• [What the task requires]:
In which lines of the data does the string "Shirt" appear? Copy every one.
=== Material supplied ===
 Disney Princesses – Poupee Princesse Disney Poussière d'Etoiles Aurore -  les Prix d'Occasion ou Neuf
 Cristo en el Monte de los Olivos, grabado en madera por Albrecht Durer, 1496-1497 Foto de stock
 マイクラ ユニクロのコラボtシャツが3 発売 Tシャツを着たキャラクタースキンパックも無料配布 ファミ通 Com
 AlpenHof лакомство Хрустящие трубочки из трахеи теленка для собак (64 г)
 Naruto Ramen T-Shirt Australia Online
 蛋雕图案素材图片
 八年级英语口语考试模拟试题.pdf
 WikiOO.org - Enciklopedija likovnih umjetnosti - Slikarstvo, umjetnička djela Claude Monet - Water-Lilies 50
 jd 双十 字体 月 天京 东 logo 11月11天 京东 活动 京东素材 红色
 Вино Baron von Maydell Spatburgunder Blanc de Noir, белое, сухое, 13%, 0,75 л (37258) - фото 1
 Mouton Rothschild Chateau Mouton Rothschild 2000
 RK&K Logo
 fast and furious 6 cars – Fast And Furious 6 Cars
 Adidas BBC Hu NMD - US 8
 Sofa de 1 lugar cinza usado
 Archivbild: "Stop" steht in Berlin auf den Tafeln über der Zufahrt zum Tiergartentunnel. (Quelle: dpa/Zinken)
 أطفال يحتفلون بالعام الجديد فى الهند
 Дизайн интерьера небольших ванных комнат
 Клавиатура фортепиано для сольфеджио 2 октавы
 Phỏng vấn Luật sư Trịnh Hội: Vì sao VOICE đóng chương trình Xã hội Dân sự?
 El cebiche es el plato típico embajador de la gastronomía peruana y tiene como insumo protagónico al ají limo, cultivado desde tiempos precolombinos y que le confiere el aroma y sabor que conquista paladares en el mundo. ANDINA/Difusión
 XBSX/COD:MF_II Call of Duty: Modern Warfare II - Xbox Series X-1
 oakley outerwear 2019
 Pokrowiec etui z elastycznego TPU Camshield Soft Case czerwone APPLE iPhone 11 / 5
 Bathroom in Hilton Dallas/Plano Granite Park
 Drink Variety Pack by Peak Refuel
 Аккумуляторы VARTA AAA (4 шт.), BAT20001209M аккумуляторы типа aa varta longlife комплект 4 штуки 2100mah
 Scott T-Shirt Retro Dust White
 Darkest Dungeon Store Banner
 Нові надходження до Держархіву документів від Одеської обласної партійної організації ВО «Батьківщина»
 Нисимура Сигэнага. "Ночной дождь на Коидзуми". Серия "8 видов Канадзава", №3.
===
• [Written answer]:
 Naruto Ramen T-Shirt Australia Online
 Scott T-Shirt Retro Dust White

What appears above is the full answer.